With Texas’ close proximity to Louisiana, one would think that finding good Cajun and Creole food in the Capital City would not be so much of a chore. Luckily, chef Lynzy Moran has been doing Austin a solid since debuting in 2013. Although Baton Creole moved a few times before settling down on Shangri-La’s back patio, the elements have largely remained the same. The fried Jambalaya Baton still stirs up state fair memories and the gumbo is always as velvety as a royal cushion.
Luke’s Inside Out
Sandwich slingers in Austin are a dime a dozen, but Luke Bibby quietly ranks above them all. The namesake chef behind this Gibson Bar trailer somehow makes the most workaday of American foods seem as special as those carefully tweezed New American small plates. This is in no small part because his palate is never limited by notions of what a trailer "should" serve. The Pressed Pig, a toasted hoagie packed with jerk pork, mortadella, and Swiss, is a perennial favorite and serves as a lesson for newbies. If Bibby includes the word “love” in dish’s description, he dang well means it.
It’s a testament to the warmth of Patrizi’s that even after six years of glowing reviews, it still seems like a well-kept secret. In the opening weeks, it seemed improbable that a funky trailer would achieve such elegance in its cacio e pepe or that the Vortex Theater’s Burning Man-esque grounds could host such an intimate dining experience. Countless services later, it still feels like a pleasant surprise.
Rosita’s Al Pastor
Reversing the path from food truck to brick-and-mortar, this East Riverside Drive mainstay operated behind four walls before opening a trailer in 1986. The reason for its perseverance can be found in the name. Few al pastor tacos in town deliver as much harmony. From the robust corn punch of the tortillas to the simultaneously juicy and crisp pork, each element adding to a symphonic whole.
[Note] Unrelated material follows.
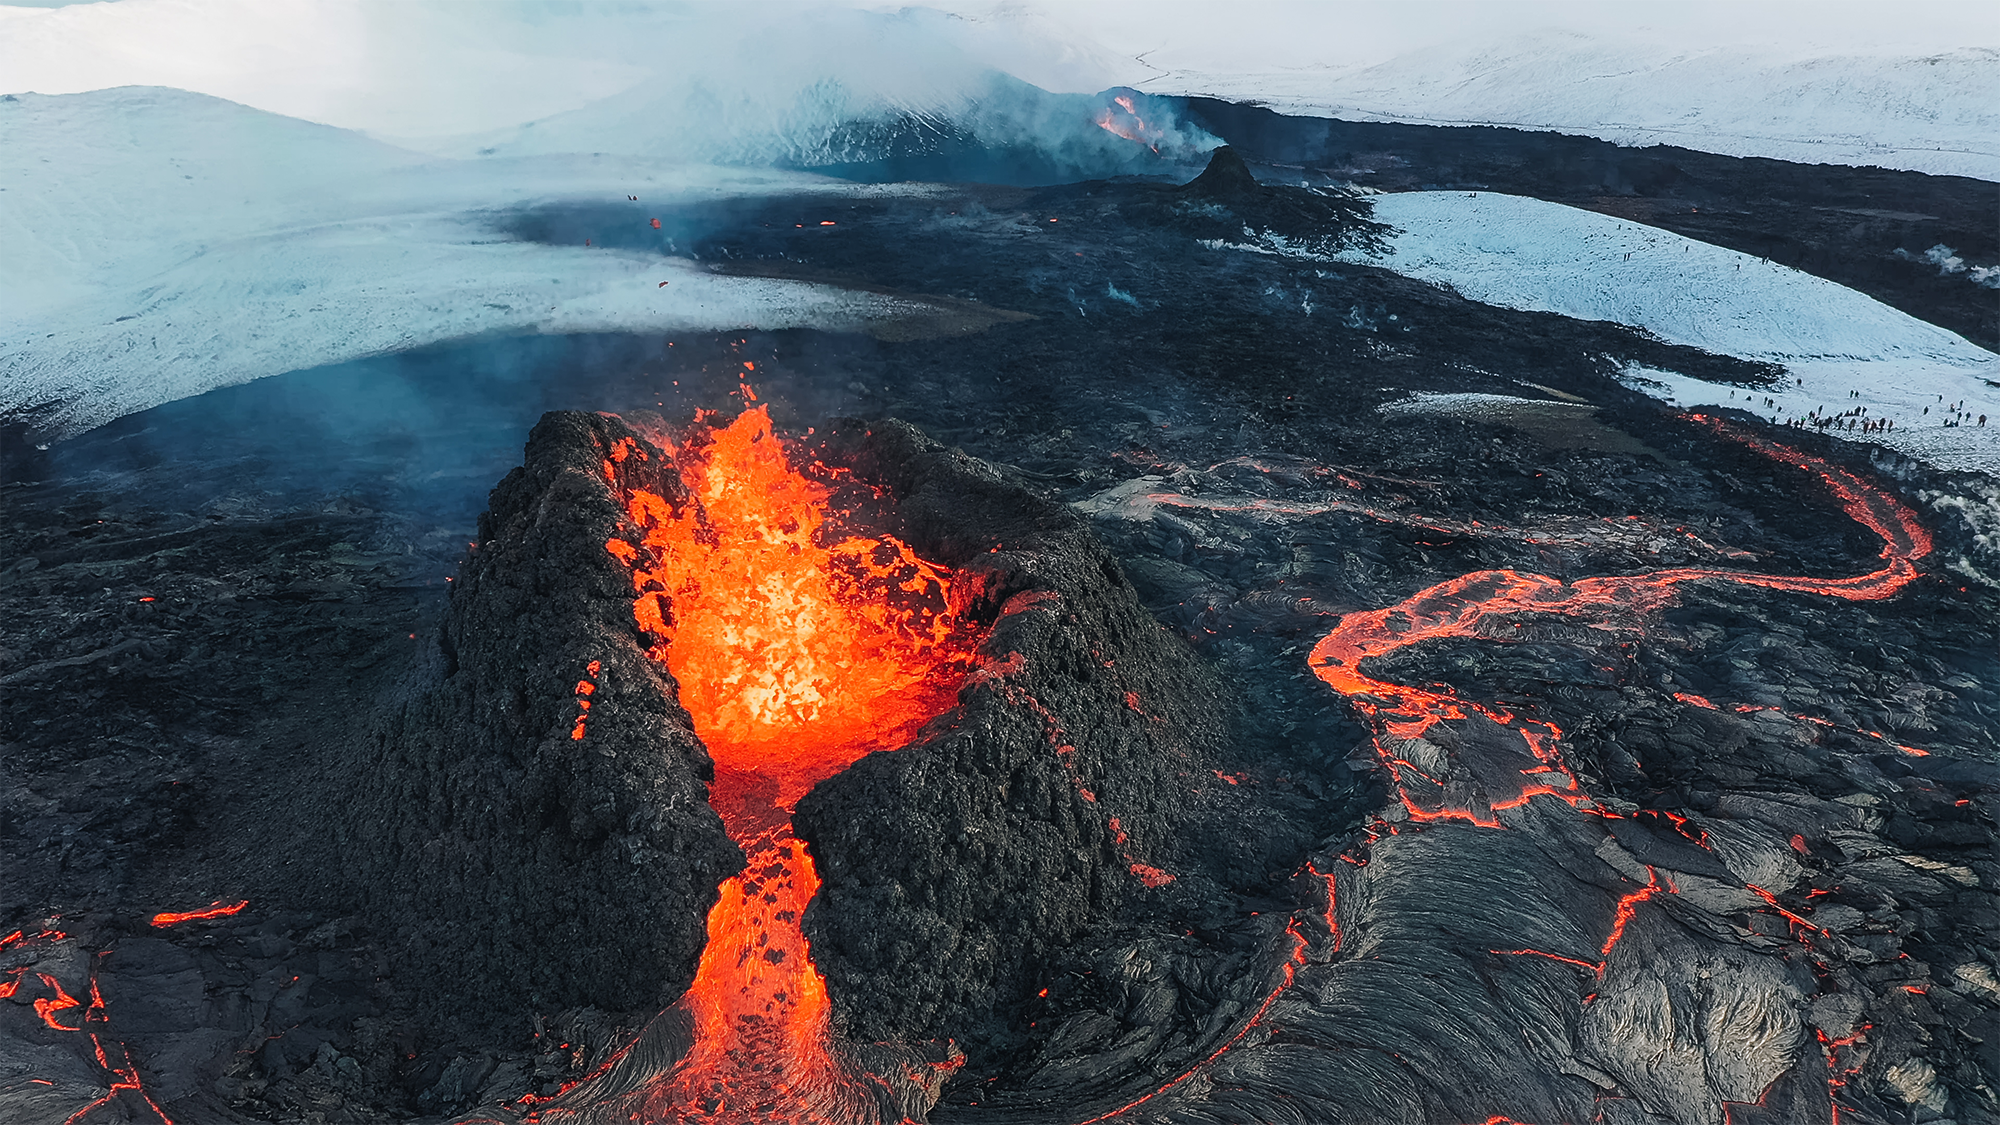 'Floating' magma offers clues about the strength of volcanoes

Few Austin restaurants, much less food trucks, have debuted with such a bang. Within a few months of opening, it became one of the nation’s most talked about eateries, landing on Bon Appétit’s 2014 Best New Restaurant list. Trend hunters may have moved on to shinier concepts, but the food has never lost its thrill. The waterfall pork and the simple grilled bread with peanut curry exhilarate even year after year.
Three Little Pigs
In a perfect world, chef Ray Tatum’s comfort food trailer would be at the top of everyone’s list, but it has never sought the hallelujah chorus as aggressively as some other joints. The focus instead has always been on cuisine. Curious in inspiration, accessible in form, and seemingly immune to price inflation, dishes like pork belly sliders with maple soy glaze and cracklin’ meatloaf are among the most satisfying creations in town — proof that a clear message does not have to be screamed.